La editorial Elsevier cuenta con un cuaderno de laboratorio para dispositivos inteligentes llamado Hivebench que ayuda a preparar, conducir y analizar experimentos en los teléfonos inteligentes, tal como relata el artículo ‘New ways to use smartphones for science’ de Elsevier Connect.
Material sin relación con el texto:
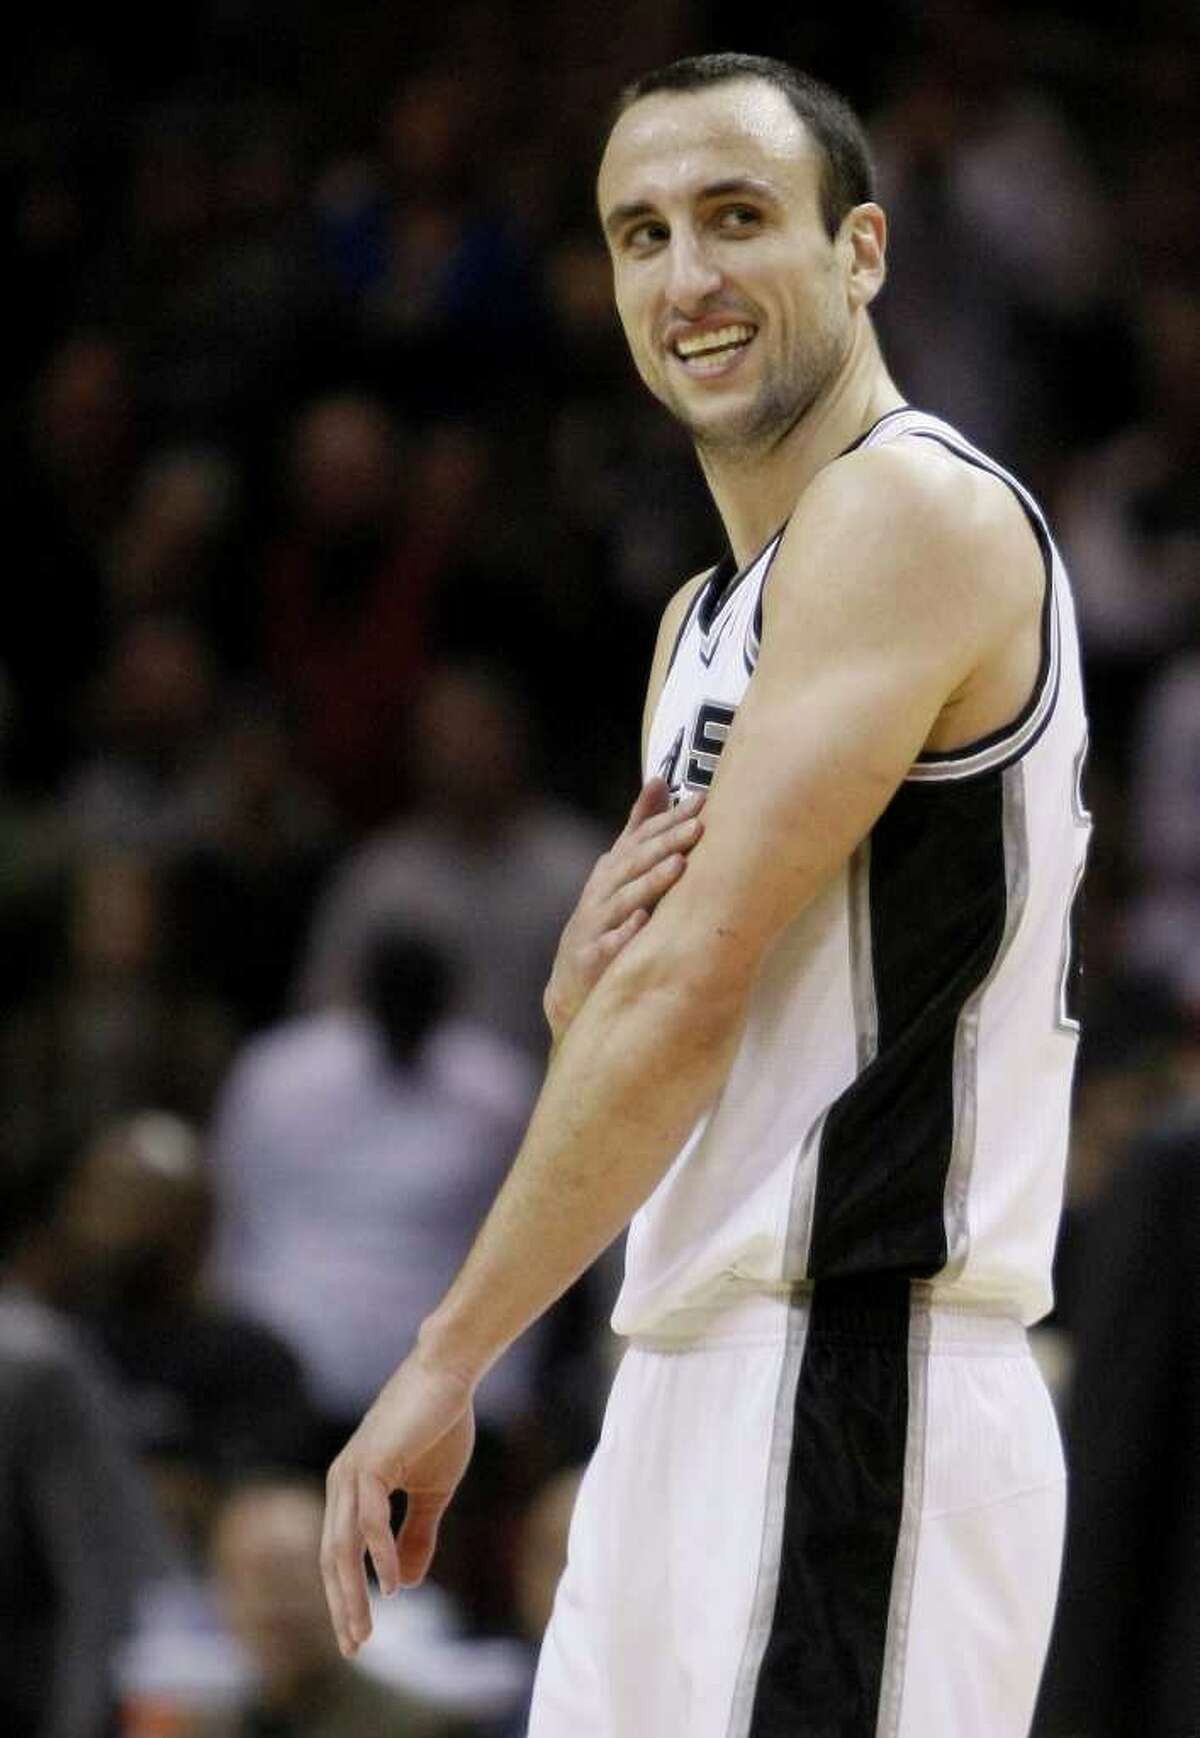 San Antonio Spurs' Manu Ginobili, of Argentina, smiles during the second half of an NBA basketball game against the Denver Nuggets, Wednesday, Dec. 22, 2010, in San Antonio. San Antonio won 109-103.
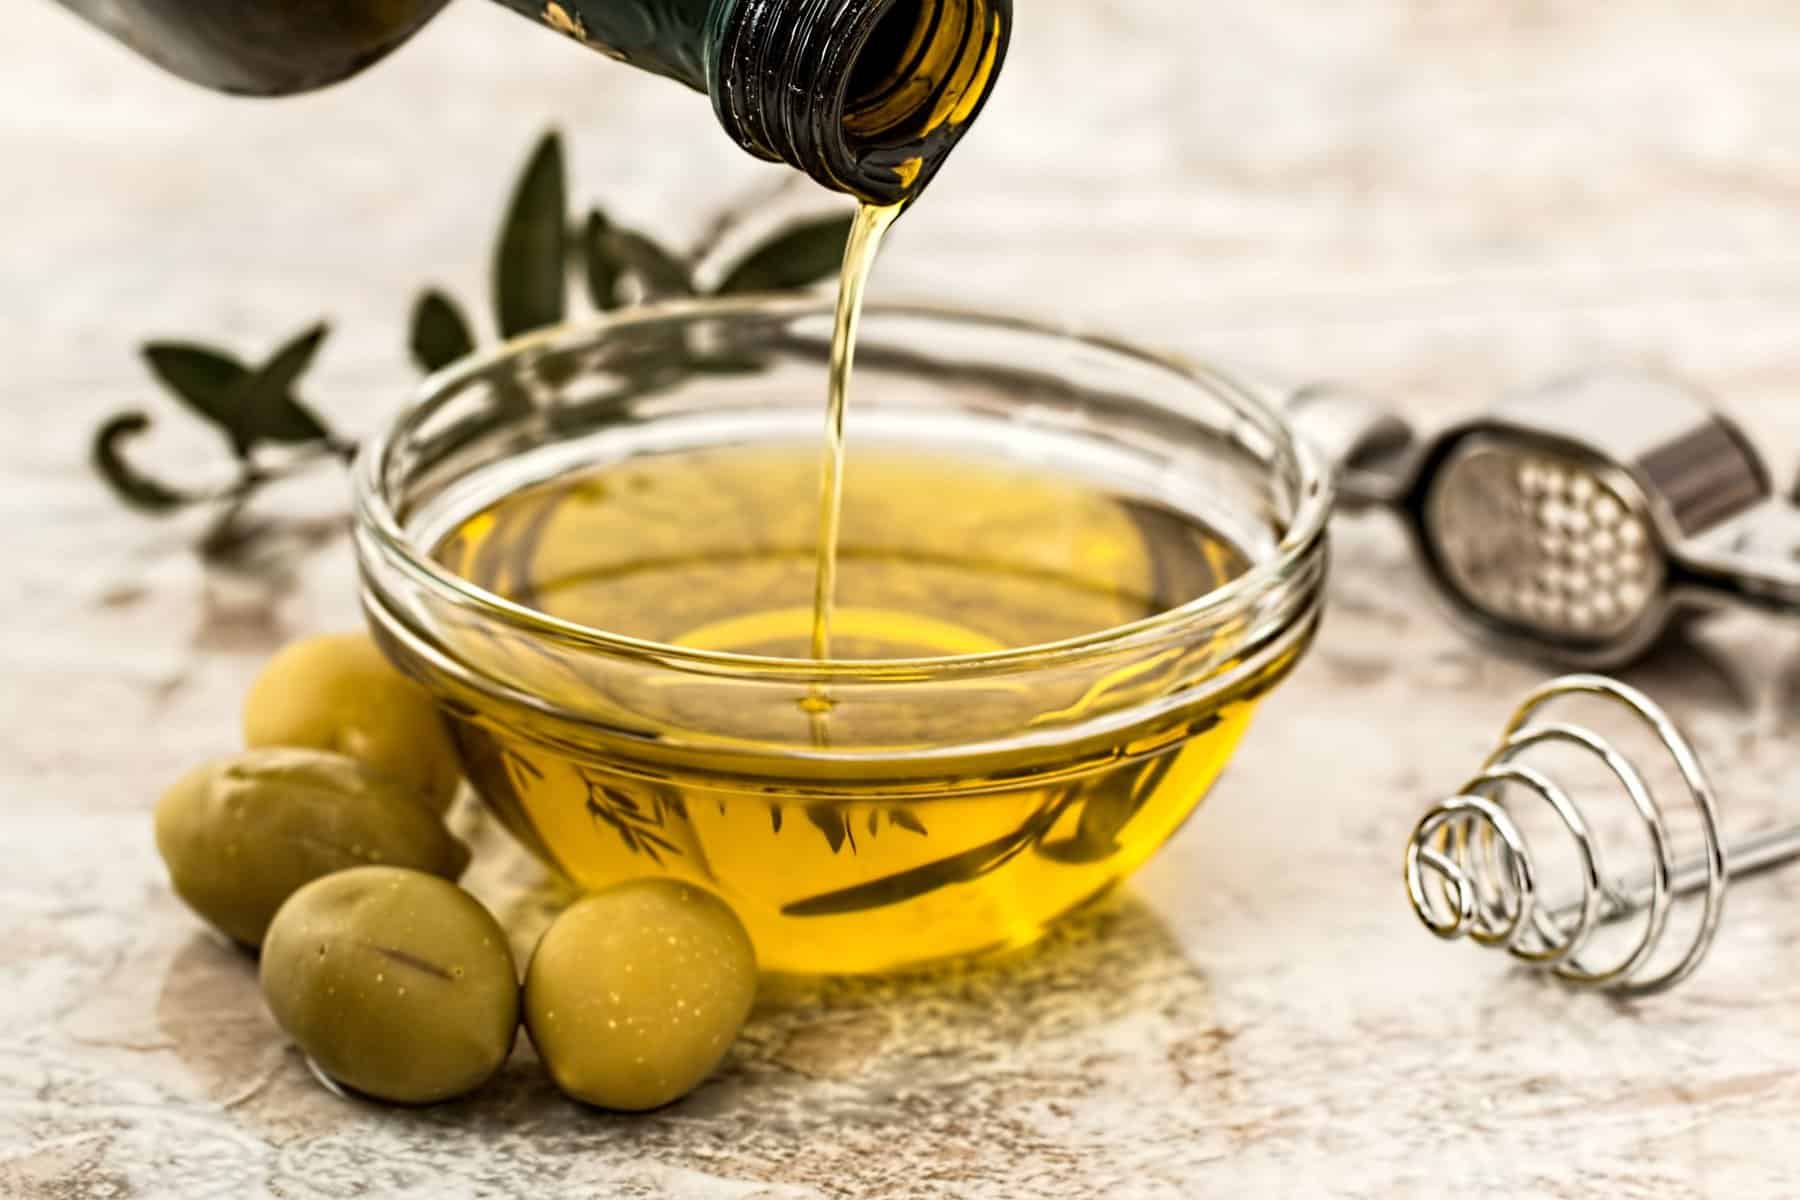 Healthy fat – Olive oil bring poured into small ramekin with olives surrounding the scene

Los smartphones son un poderoso instrumento para recoger datos gracias a sensores sofisticados -y que muchos de nosotros no sabemos ni que tenemos instalados- como acelerómetros, giroscopios, magnetómetros u otros que utilizamos a diario, como la cámara o el GPS. Además, los dispositivos más avanzados ya cuentan con sensores gravitacionales y rotacionales, barómetro, termómetro o sensores de humedad.

Aunque construidos para satisfacer las necesidades del consumidor, algunos de ellos son de gran utilidad para desarrollar experimentos. ¿Buscar rayos cósmicos de ultra alta energía con los sensores de la cámara del móvil? Los científicos sugirieron esta idea en un artículo publicado en 2016 en la revista Astroparticle Physics.

El acelerómetro sirve para detectar alteraciones sísmicas. Ahora, cualquier usuario de puede colaborar con la detección temprana de terremotos permitiendo que su dispositivo envíe datos con la aplicación “MyShake” a la Universidad de Berkeley, California. Los ordenadores allí instalados distinguen los movimientos del usuario de alteraciones sísmicas reales y extraen sus conclusiones.

Además, los móviles se utilizan cada vez más frecuentemente para observar la Tierra y acumular datos sobre sistemas físicos, químicos y biológicos. Uno de los experimentos de más éxito realizados por esta vía es la aplicación de ornitología eBird, que acumula más de 370 millones de observaciones de más de 150.000 participantes desde 2002.